License plate readers, new cameras
Hill’s effort is an expansion of prior legislation focusing on LPRs, which he chose to tackle after discovering some law enforcement agencies contracted with private companies that also sold the data. All San Mateo County agencies using LPRs store data with the Northern California Regional Crime Information Center, NCRIC, which was established by Congress.
Locally, LPRs are used by the Sheriff’s Office as well as police departments in San Mateo, Daly City, Hillsborough, Menlo Park, San Bruno and South San Francisco. San Carlos and Millbrae contract with the Sheriff’s Office for law enforcement services and Burlingame sometimes borrows LPRs.
The grand jury noted several of the departments do not have their LPR policies conspicuously available for the public to view online. The grand jury polled local law enforcement departments for its review and found most that are posting information on LPR polices have essentially used a vague, boilerplate statement from NCRIC. However, the grand jury did commend the city of San Mateo for an easier to understand description online, according to the report.

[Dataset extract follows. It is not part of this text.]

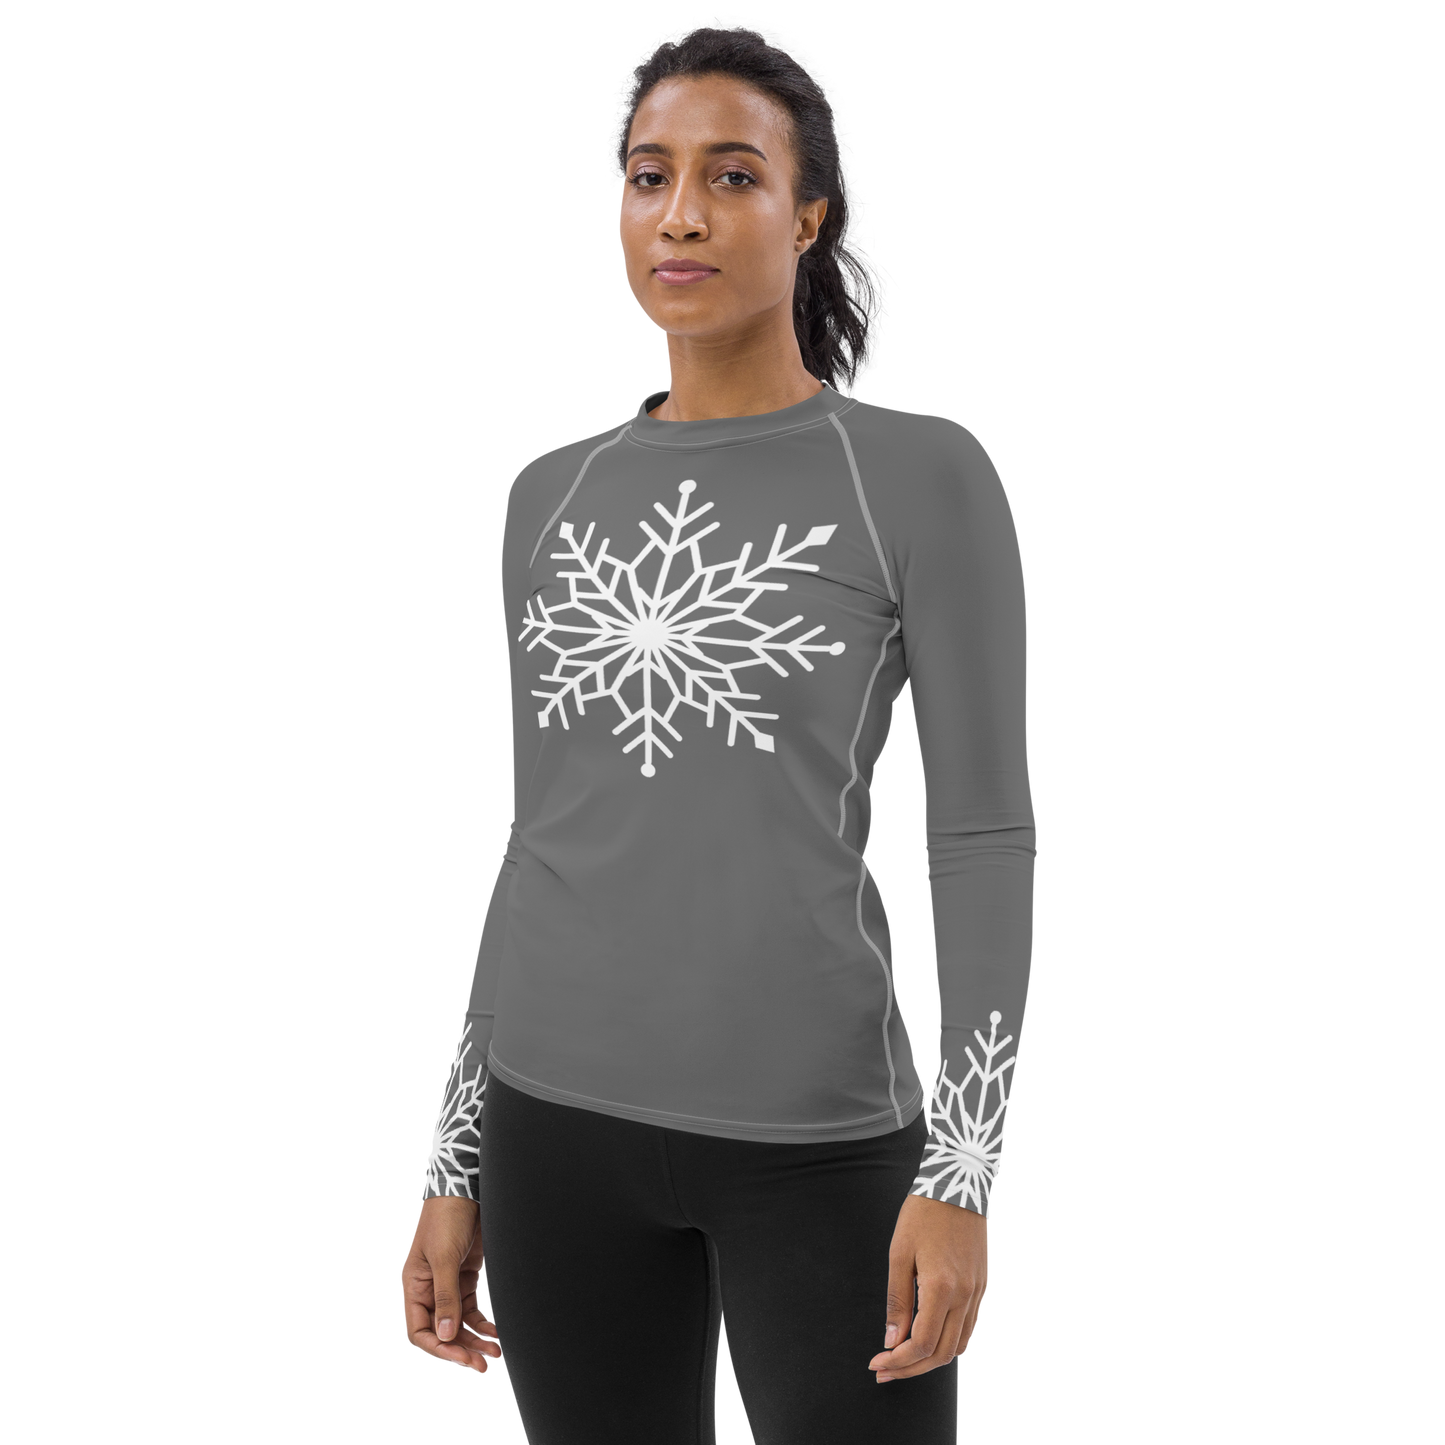 Winter Snowflake Top, White Snowflake on Graphite Gray Women's Rash Guard, Holiday Top

Representatives with Foster City and San Mateo police as well as the Sheriff’s Office said they were not ready to comment on the report as of Wednesday.

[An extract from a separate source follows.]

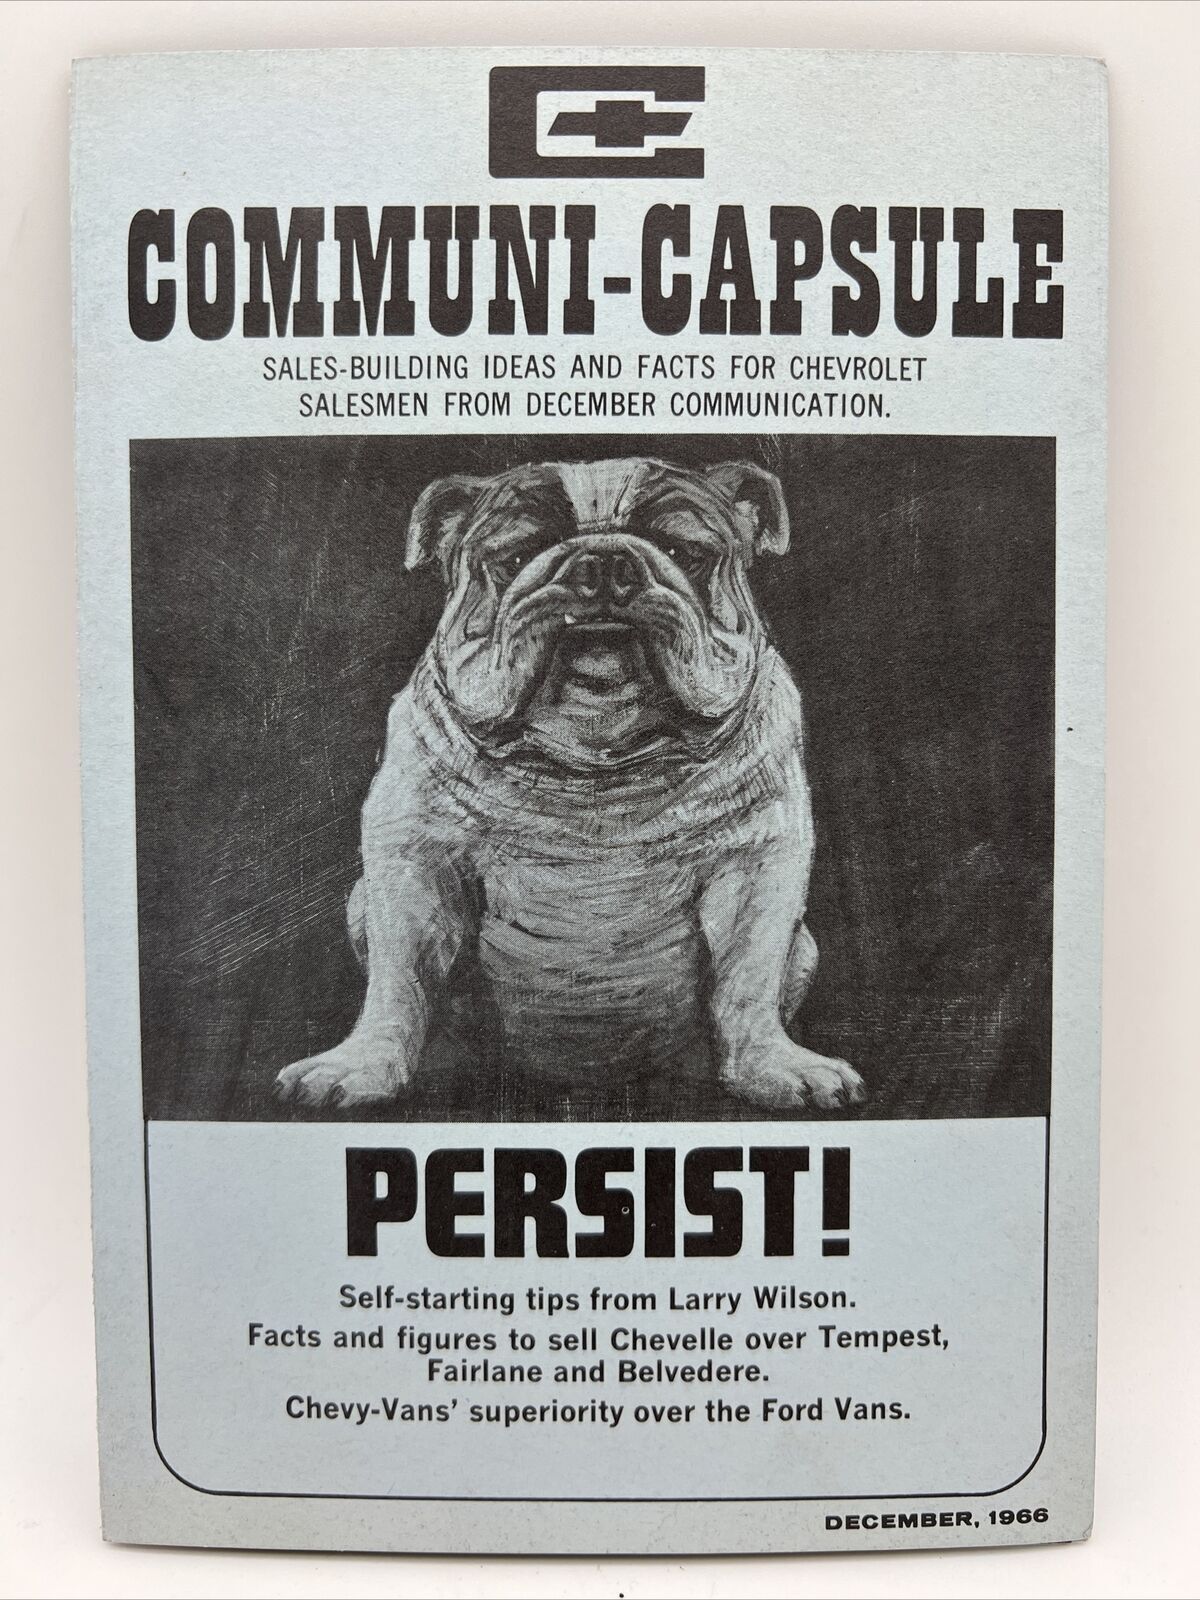 1966 CHEVROLET COMMUNI-CAPSULE Persist Dealer Sales Tips from Larry Wilson

Foster City, which the grand jury report suggested did not involve the public when it first adopted body-worn technology, is slated to go before the City Council Monday to request new state-of-the-art cameras during a public hearing.

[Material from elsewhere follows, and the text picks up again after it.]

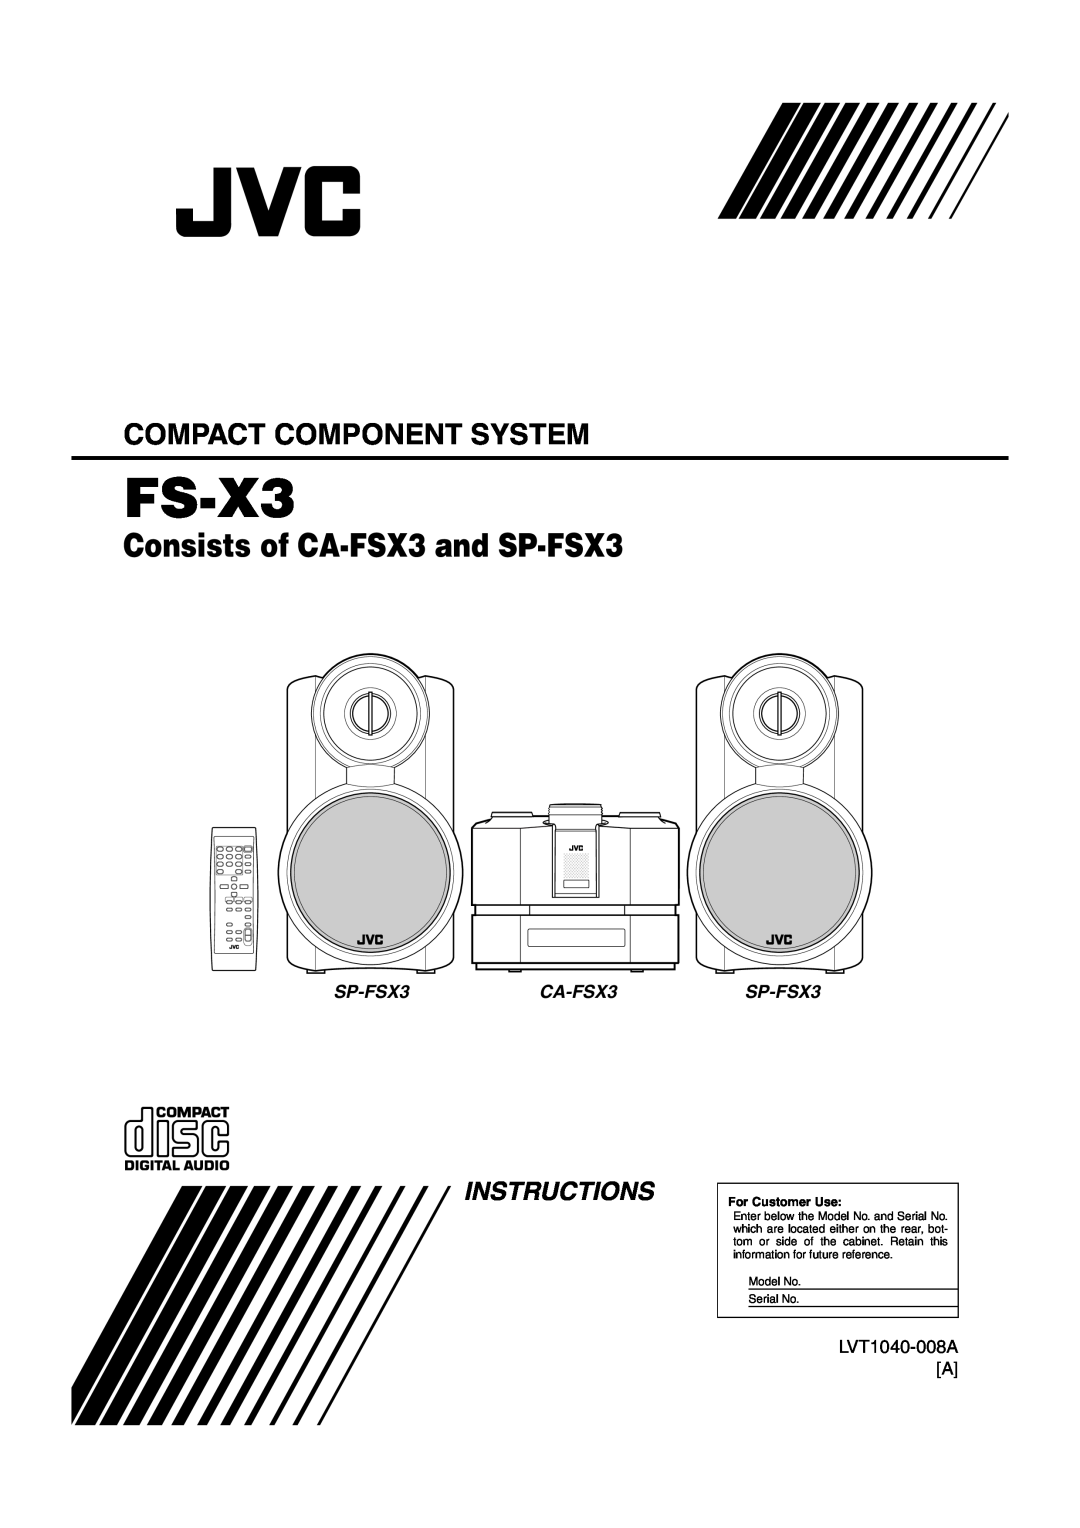 JVC LVT1040-008A manual SP-FSX3CA-FSX3, FS-X3, Consists of CA-FSX3and SP-FSX3, Compact Component System, Instructions

San Bruno police Lt. Troy Fry said the council has not yet approved purchasing cameras and the police department is still working on its body-worn camera policy. Also not able to comment on the grand jury report directly, Fry said there’s a balance.
“As a citizen in my community where I live, I understand the privacy concerns. But I would welcome the technology to help reduce crime and solve violent crimes,” Fry said. “It’s just a tool, and it can be used in good or bad ways. But as a citizen, I would welcome it as long as privacy rights are kept in line.”
Hill said he supports law enforcement being equipped with high-tech tools to fight crime and keep the public safe. His legislation, he argued, doesn’t detract from officers’ ability to secure the technology, instead it aims to provide opportunity for public comment and oversight for how sensitive data is stored.
The grand jury report notes neighboring entities have adopted or are considering explicit surveillance policies such as Santa Clara County, the city of Oakland and Bay Area Rapid Transit.
While the grand jury’s recommendations are not technically enforceable, responses are required by the local San Mateo County city and town councils, Board of Supervisors, Sheriff’s Office and Broadmoor Police Protection District.
Hill added he’s pleased the grand jury studied the issue and made recommendations for local jurisdictions to expand transparency.
“It’s a policy in place with the basic information. What does the technology do? How are you going to use it? Who has access to the information and how long will you be keeping the information?” Hill said. “Basic questions that are important.”